Initially, these tools were developed to assist people with physical, perceptual, or cognitive disabilities in their use of language through computer systems . However, once properly integrated into the application interface, they can benefit any user by improving the speed and effort required to type.

Predicting how to spell is not easy

The mobile keyboard app manages its own dictionary of words and constructions, which may not cover all options . Predictions are individualized based on the user’s typing and the frequency with which they use certain expressions .

Even so, it remains a complex task for the system because it’s not enough to know all the possible terms. It must also decide which is most appropriate based on the context and the user’s intent. For example, the noun “house” is completely correct and accepted in everyday speech. However, in an official or administrative process, it’s more appropriate to use “housing.”

Why predictions ‘fail’

You can imagine the device’s dictionary as a tree structure in which, given a block of text entered, certain possibilities open up with varying degrees of frequency, which is fine-tuned as the user types. Within the predictions, some may be motivated by specific system programming, such as avoiding the use of profanity , and others by explicit learning, in which the user adds certain expressions to the device’s own dictionary. For this reason, the autocorrector doesn’t always match what the user expects at any given time.

To optimize the writing process, apps offer two main ways to include suggestions: offering a list of options based on probability or entering the term directly into the text.
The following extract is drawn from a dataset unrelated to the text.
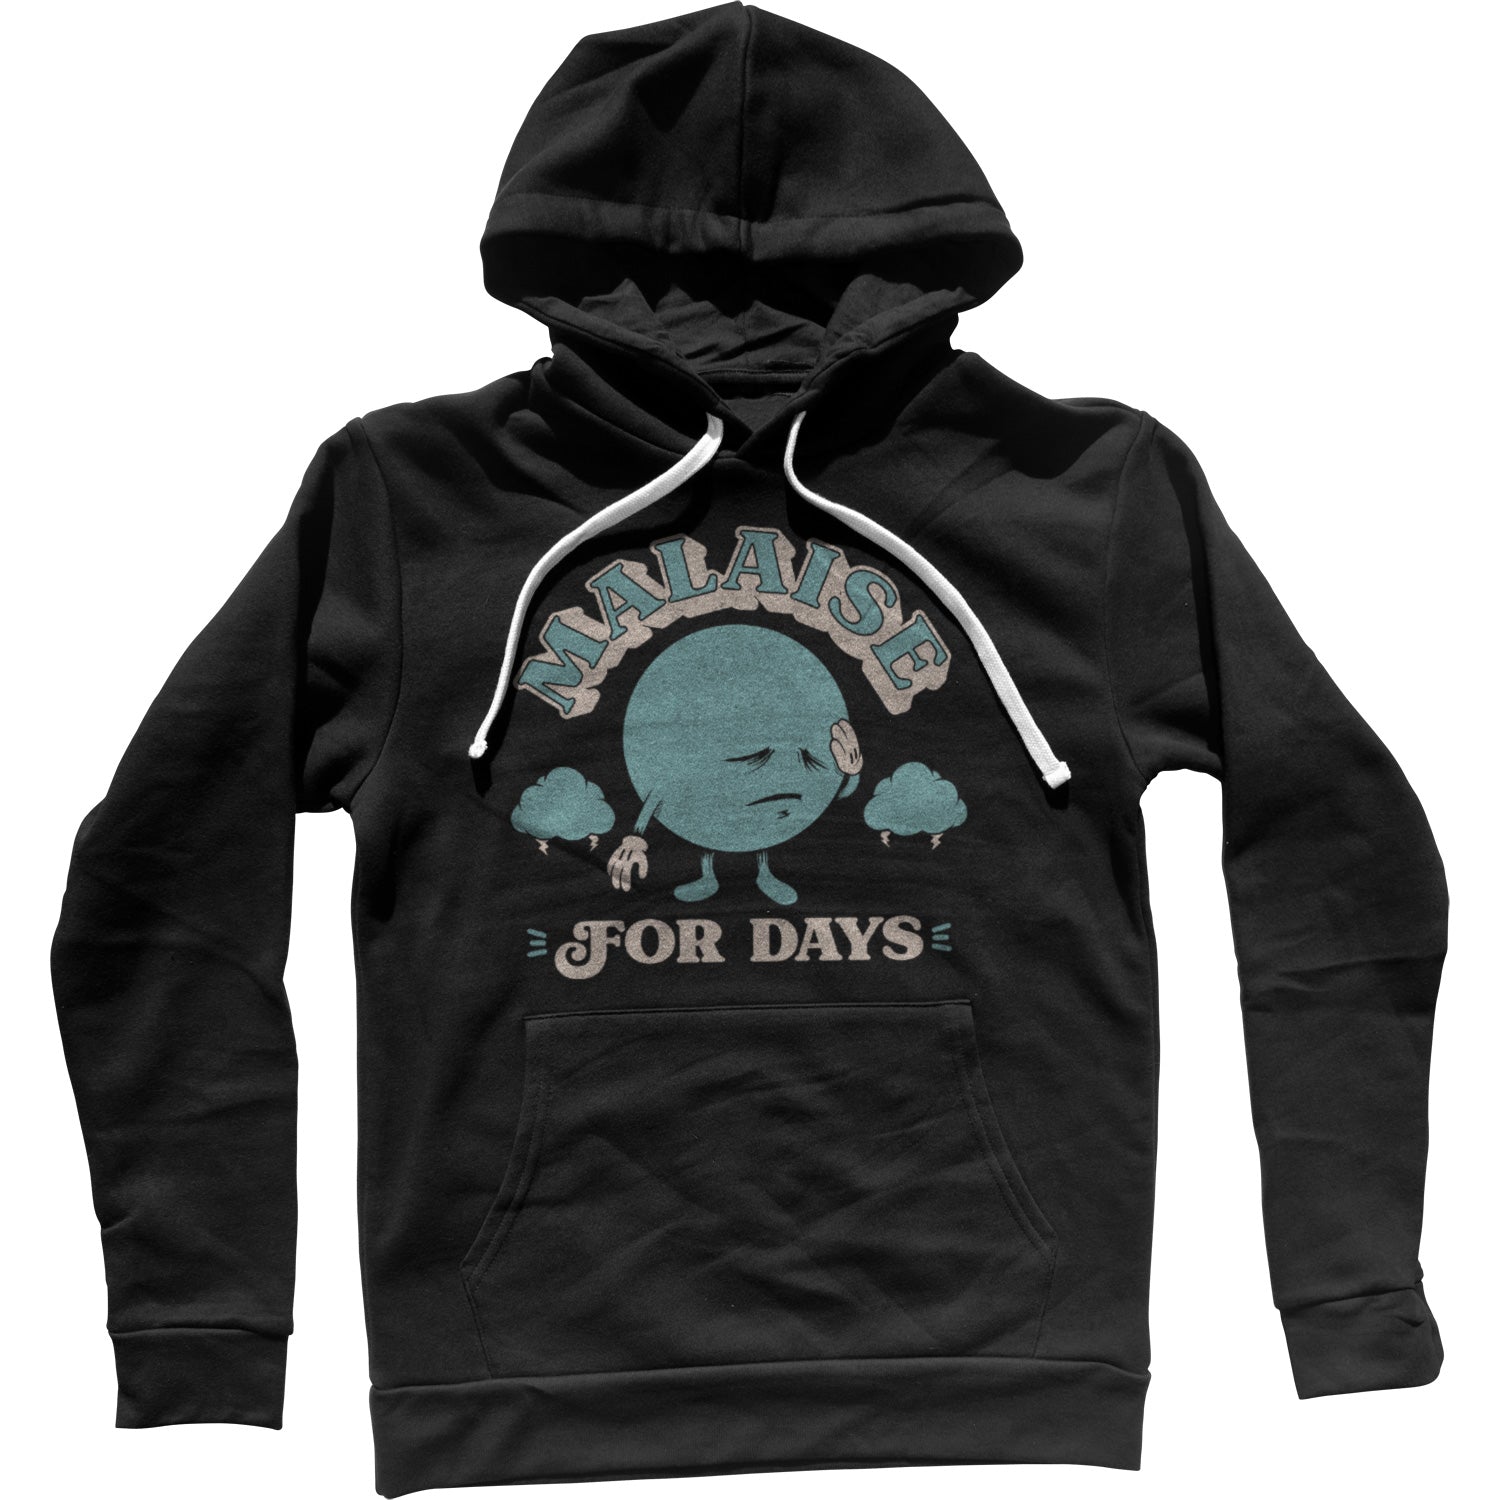 Malaise For Days Unisex Hoodie

In the first case, the user must consciously analyze the alternatives. In the second, the speech is built more quickly and organically, but the user must actively delete the suggestion if it isn’t the desired one.

Although the system finds the required word most of the time, up to 94% of the time we tend to remember much more vividly those moments when it makes a serious mistake. Furthermore, according to one study , we often experience frustration when the same mistakes are repeated systematically. However, this is normal: the autocorrector’s learning process is gradual rather than immediate, and it works probabilistically, combining what it already knows from large texts with new information it gleans from the user’s history.

Despite this, the majority of users, both iOS and Android , agree that the keyboard’s built-in autocorrect improves their typing efficiency and helps reduce errors. Furthermore, continued use of the tools progressively improves their effectiveness by offering a more personalized experience.

Lexical competence is only human

However, we must not forget that the autocorrect dictionary is a word store, whose operation is separate from the mental lexicon of the human user. This lexicon is constructed by establishing networks between different lexical units based on different types of relationships (lexical families, semantic fields, cognates, etc.). The autocorrect, for its part, has a wide lexical availability, but it does not master aspects related to the form, meaning, and use of each lexical unit; that is, it lacks the lexical and communicative competence that speakers possess.

Despite these limitations, proposals are being developed that demonstrate the potential for improved contextual correction, such as PALABRIA-CM-UC3M , which focuses on the linguistic phenomenon of the impersonal “tú .” Using linguistic techniques and artificial intelligence models that learn the patterns and contexts of this phenomenon, the system can identify and correct errors that a conventional autocorrector would miss.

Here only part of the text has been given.